Write SQL for influence score and follower growth
Company: Roblox
Role: Data Scientist
Category: Data Manipulation (SQL/Python)
Difficulty: easy
Interview Round: Technical Screen
You are working on a social product with these tables:
### Tables / Schemas
**users**
- `user_id` BIGINT (PK)
- `created_at` TIMESTAMP
**posts**
- `post_id` BIGINT (PK)
- `author_id` BIGINT (FK → users.user_id)
- `created_at` TIMESTAMP
**engagement** (one row per engagement event)
- `engagement_id` BIGINT (PK)
- `post_id` BIGINT (FK → posts.post_id)
- `viewer_id` BIGINT (FK → users.user_id)
- `event_type` STRING (e.g., `like`, `comment`, `share`)
- `created_at` TIMESTAMP
**follows** (directed edge)
- `follower_id` BIGINT (FK → users.user_id)
- `followee_id` BIGINT (FK → users.user_id)
- `created_at` TIMESTAMP (when the follow happened)

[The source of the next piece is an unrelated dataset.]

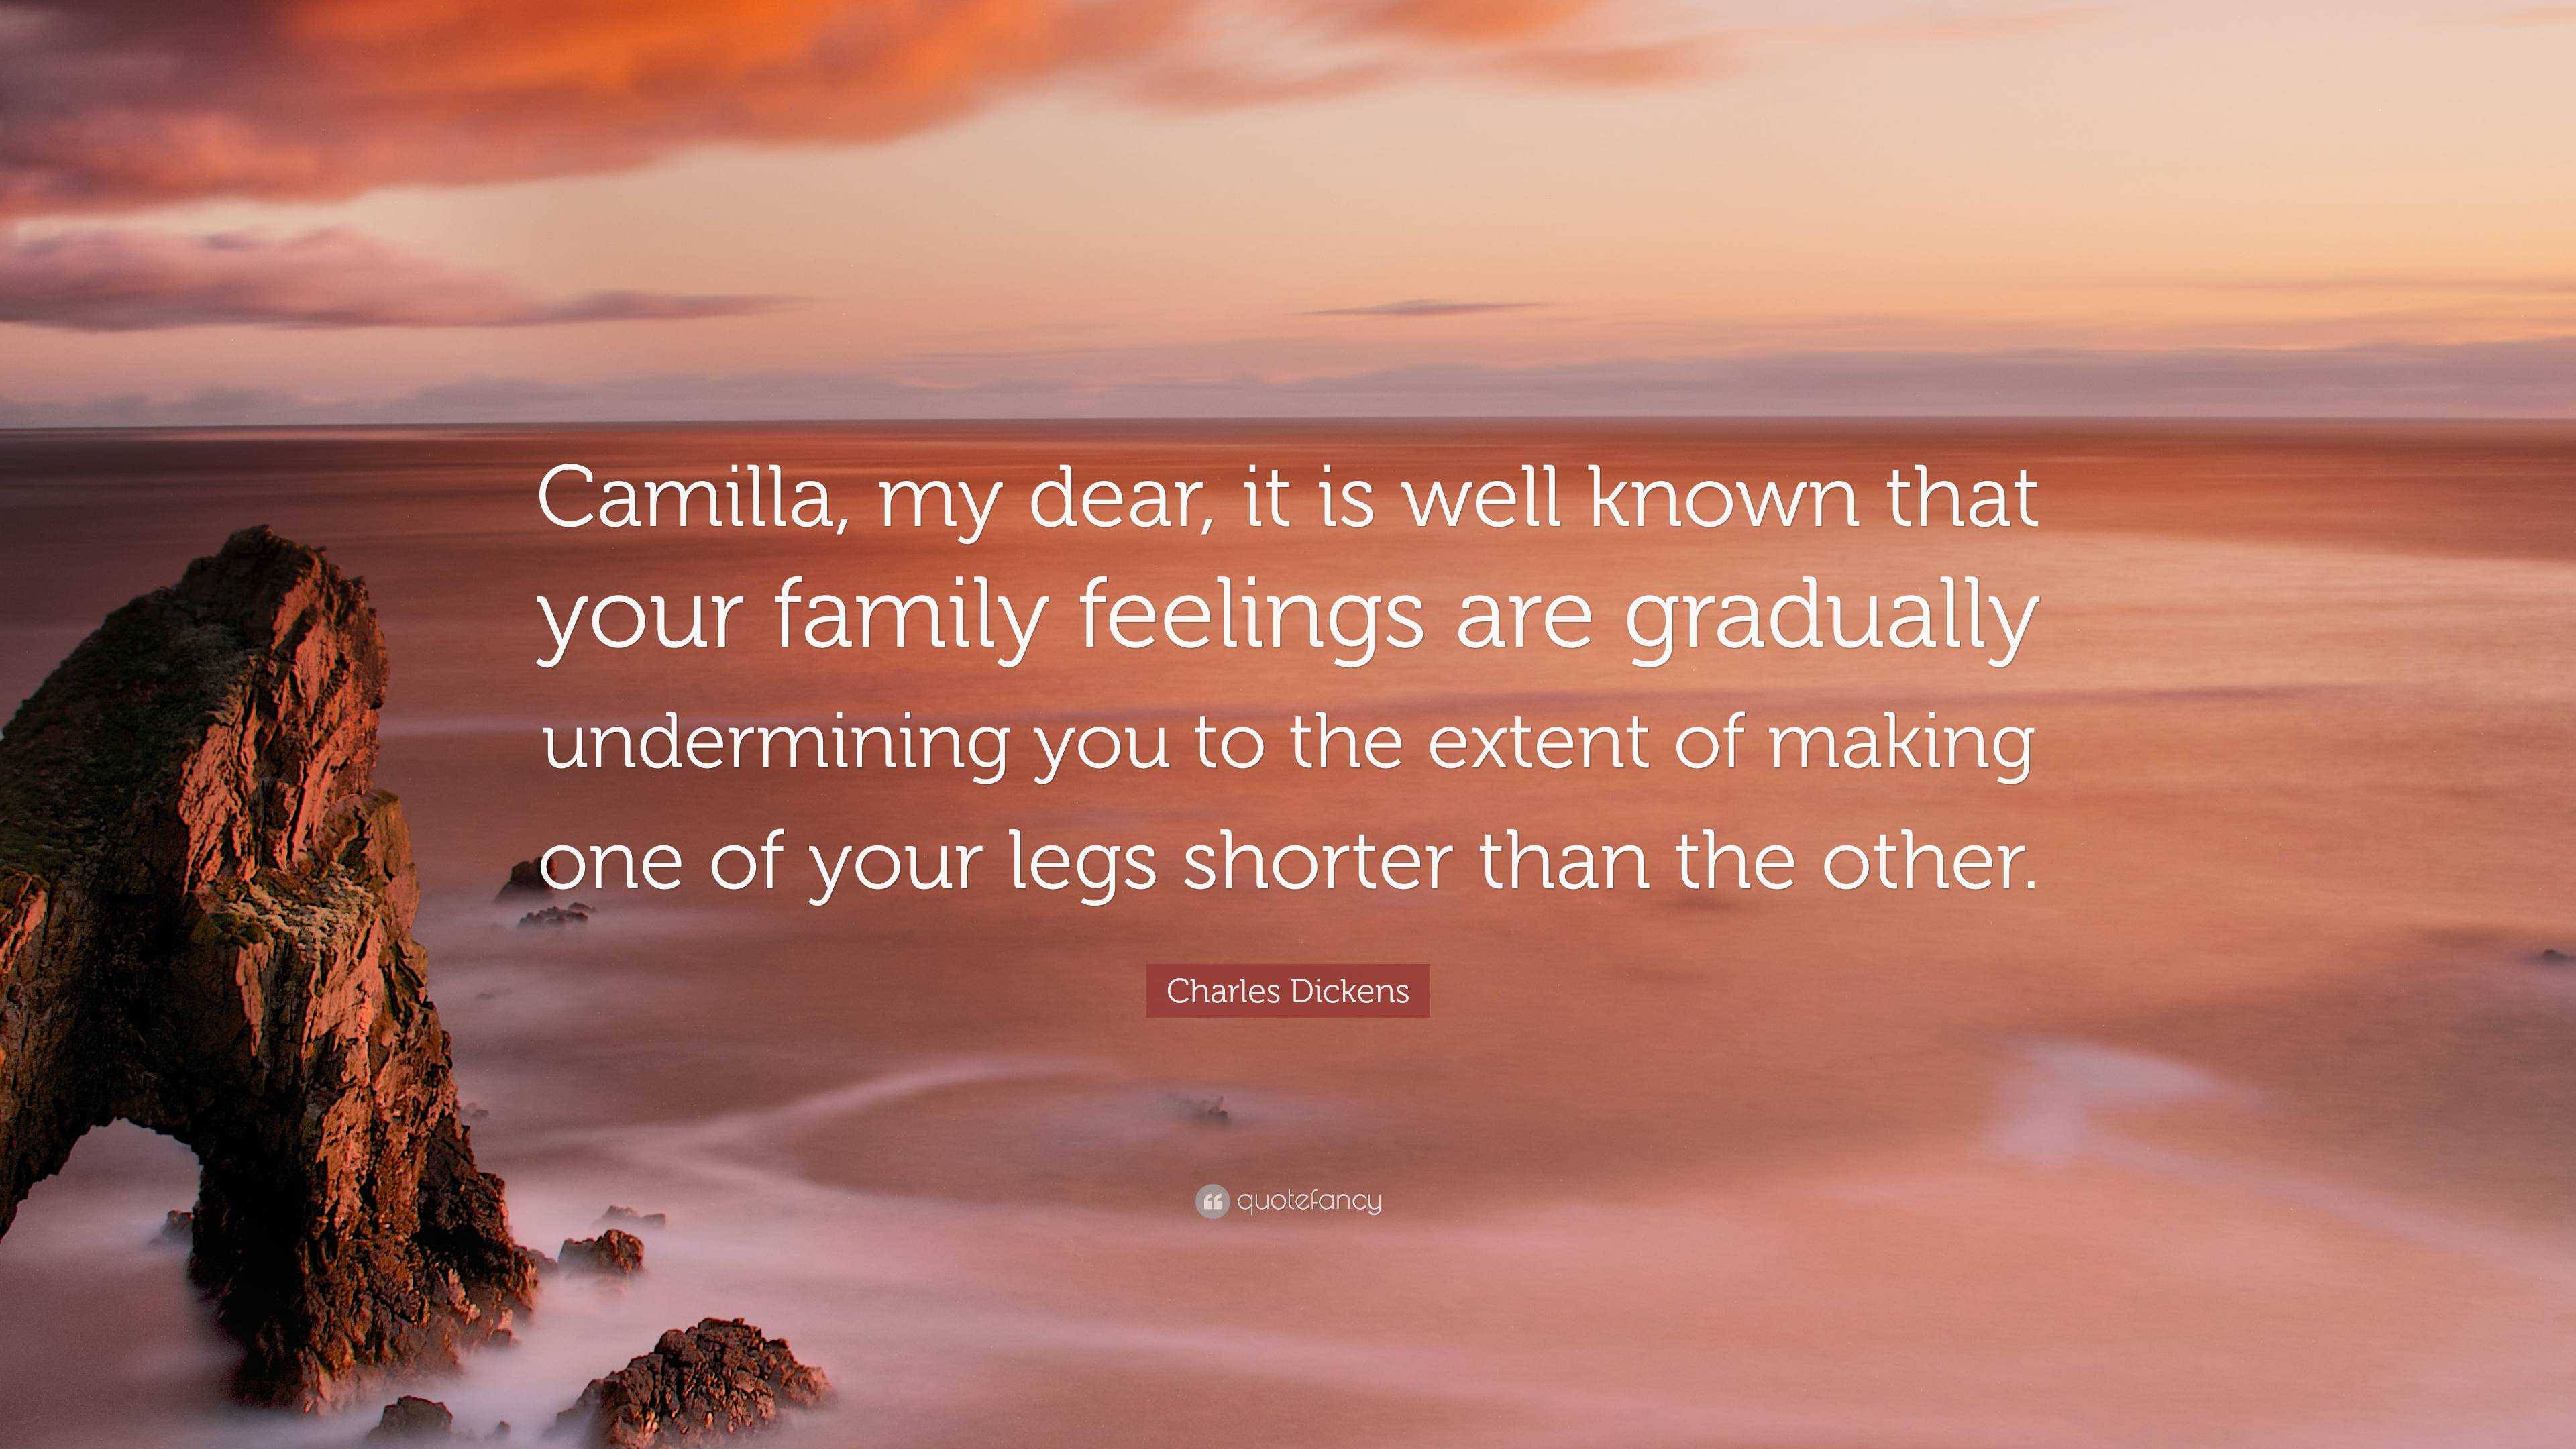 My dear camilla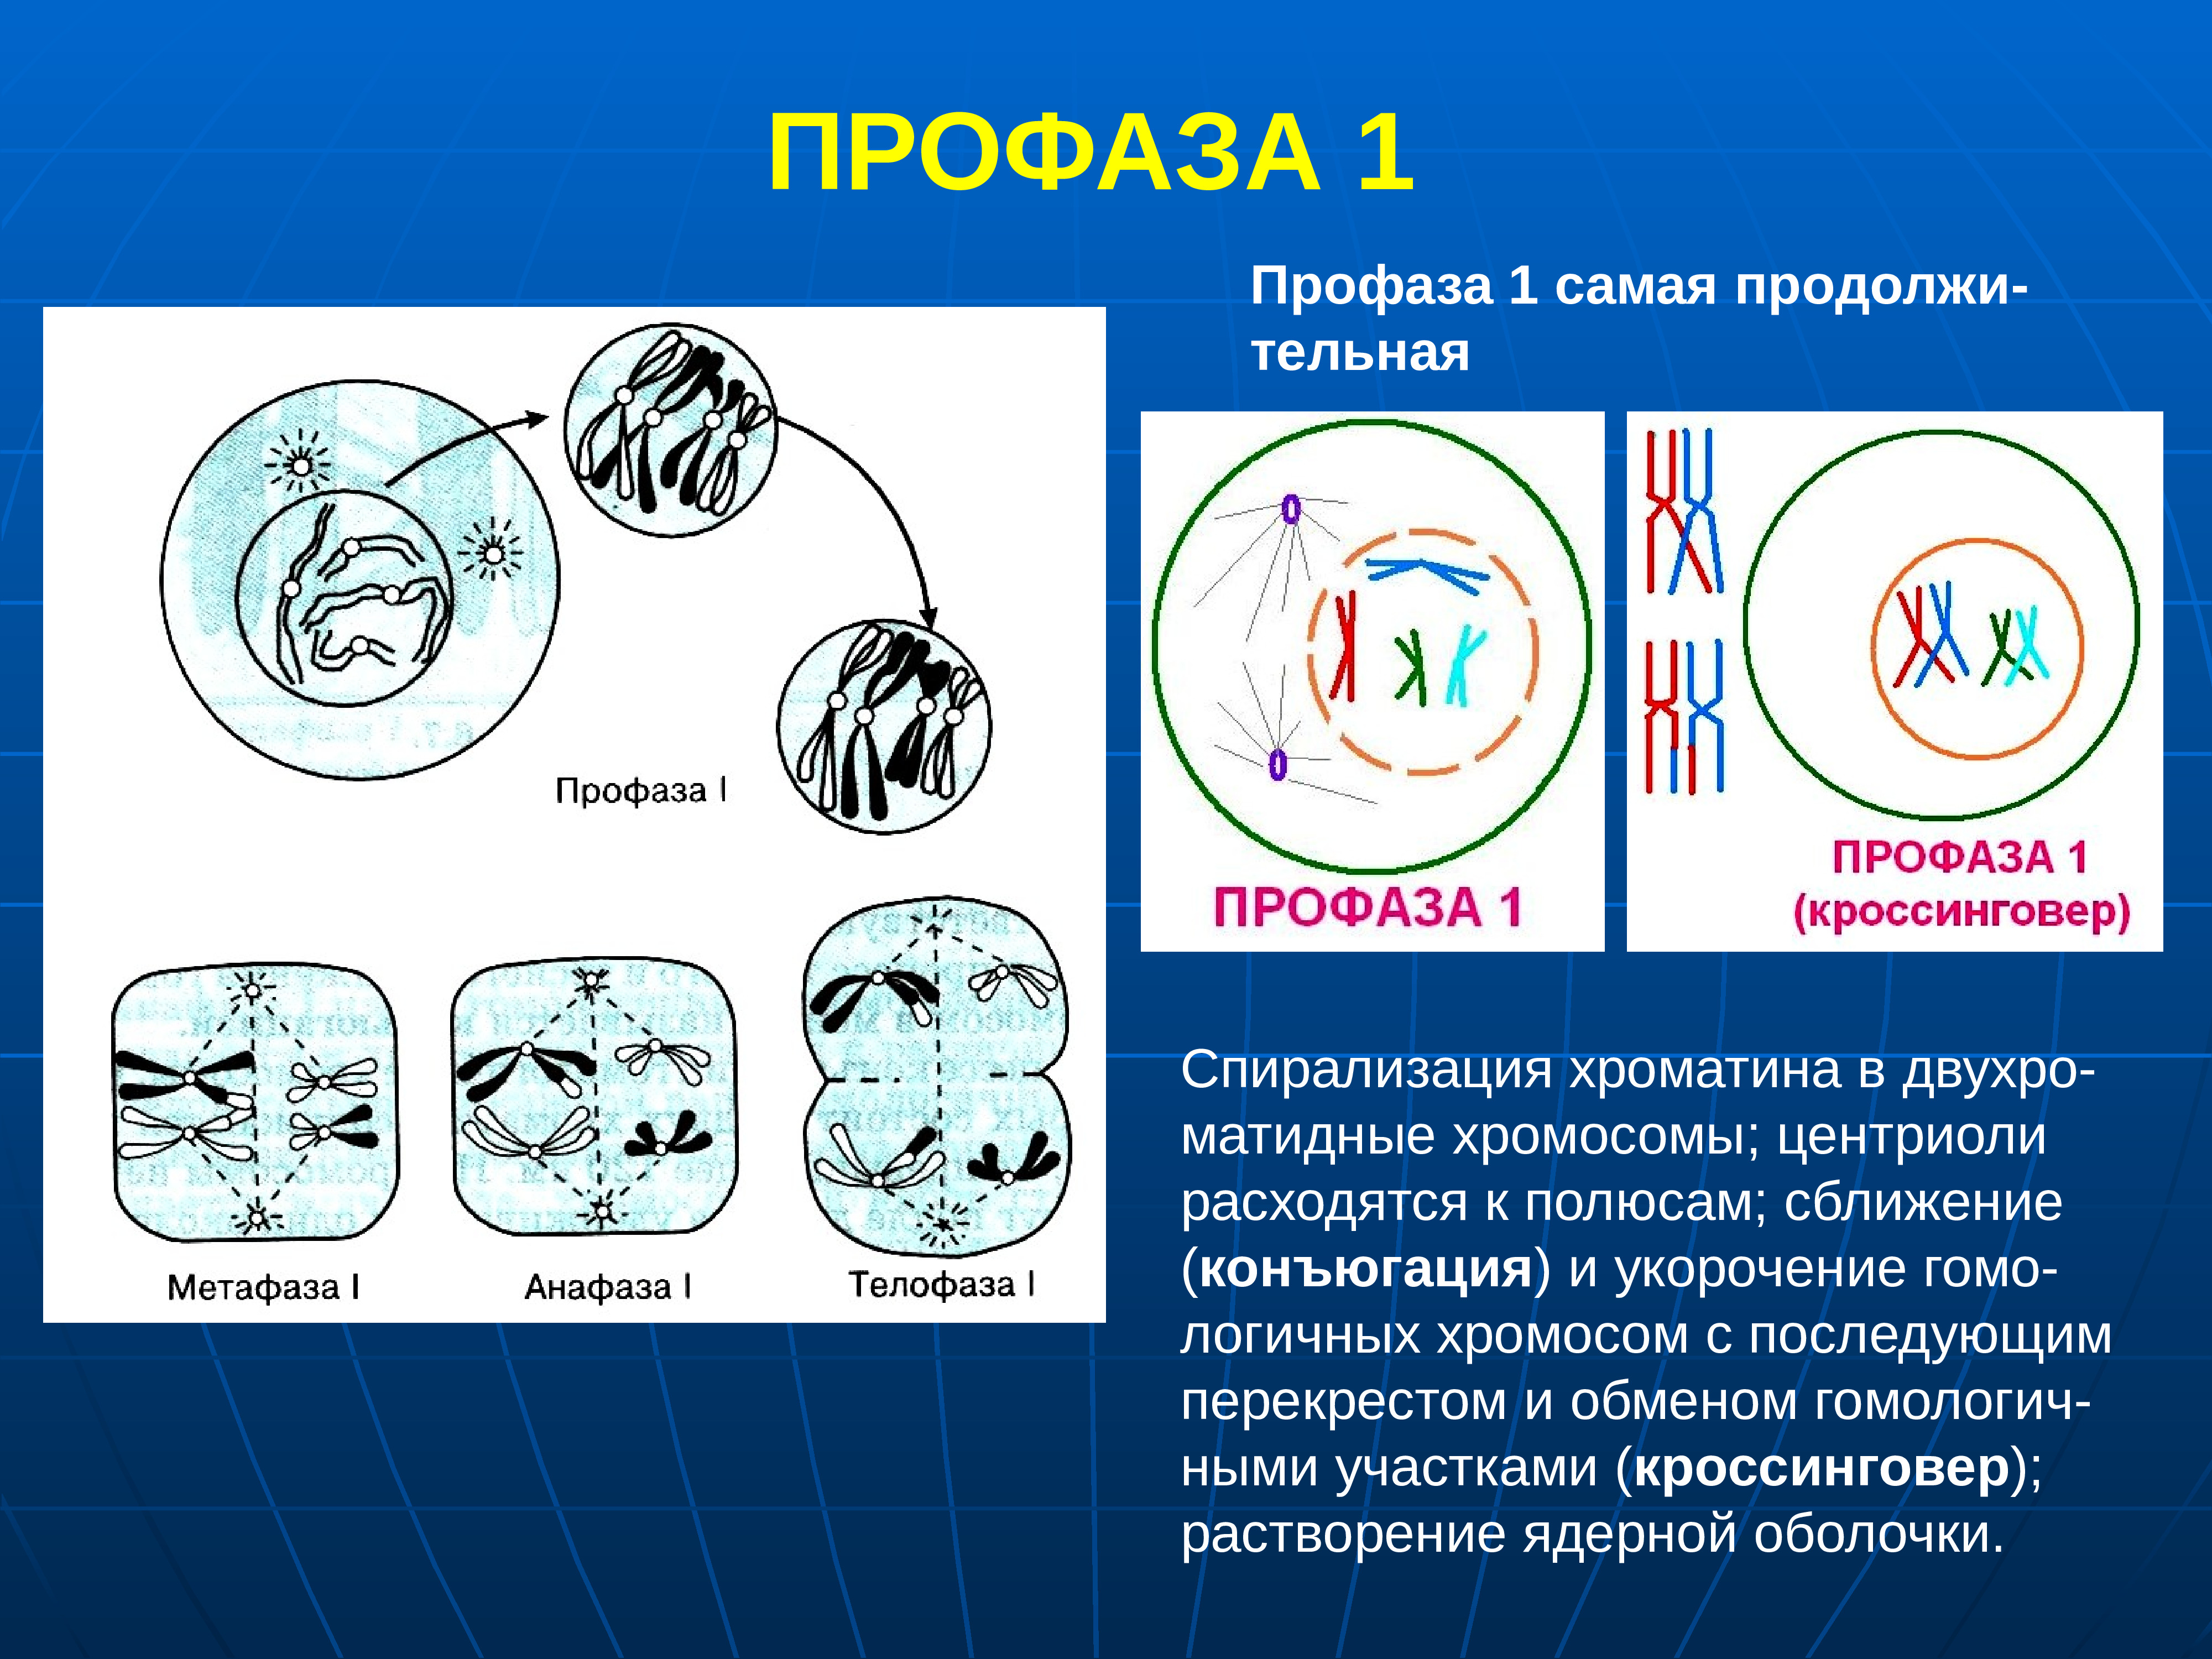 Спирализация хромосом происходит в фазе. Мейоз профаза 1 процессы. Профаза лептотена. Профаза первого деления мейоза процессы. Первое деление мейоза профаза 1.

Assume timestamps are in UTC, and “month” means `DATE_TRUNC('month', created_at)`.
---
## 1) Influence score
Define a user’s **influence score** as:
\[
\text{influence_score}(u) = \#\text{engagement events received on u's posts} + \#\text{followers of u}
\]
Write a SQL query returning:
- `user_id`
- `influence_score`
Notes:
- Engagement “received” means engagement rows on posts where `posts.author_id = user_id`.
- Followers count is the number of distinct `follower_id` where `followee_id = user_id`.
---
## 2) Monthly follower growth
For each user (as the followee), compute monthly follower growth metrics.
Write a SQL query that outputs, for each `followee_id` and month:
- `month`
- `followee_id`
- `new_followers` (distinct new followers gained that month)
- `prev_month_new_followers` (previous month’s `new_followers` using `LAG`)
- `mom_growth` (month-over-month growth rate: `(new_followers - prev_month_new_followers) / prev_month_new_followers`, handling divide-by-zero)
- `cumulative_followers` (running total across months using a window `SUM`)
Assume unfollows are not tracked (so follower counts only increase).
Quick Answer: This question evaluates SQL data manipulation competencies such as joins, aggregations, distinct counts, window functions, and time-based grouping for computing an influence score (engagements on a user's posts plus follower count) and monthly follower growth, and it falls under Data Manipulation (SQL/Python).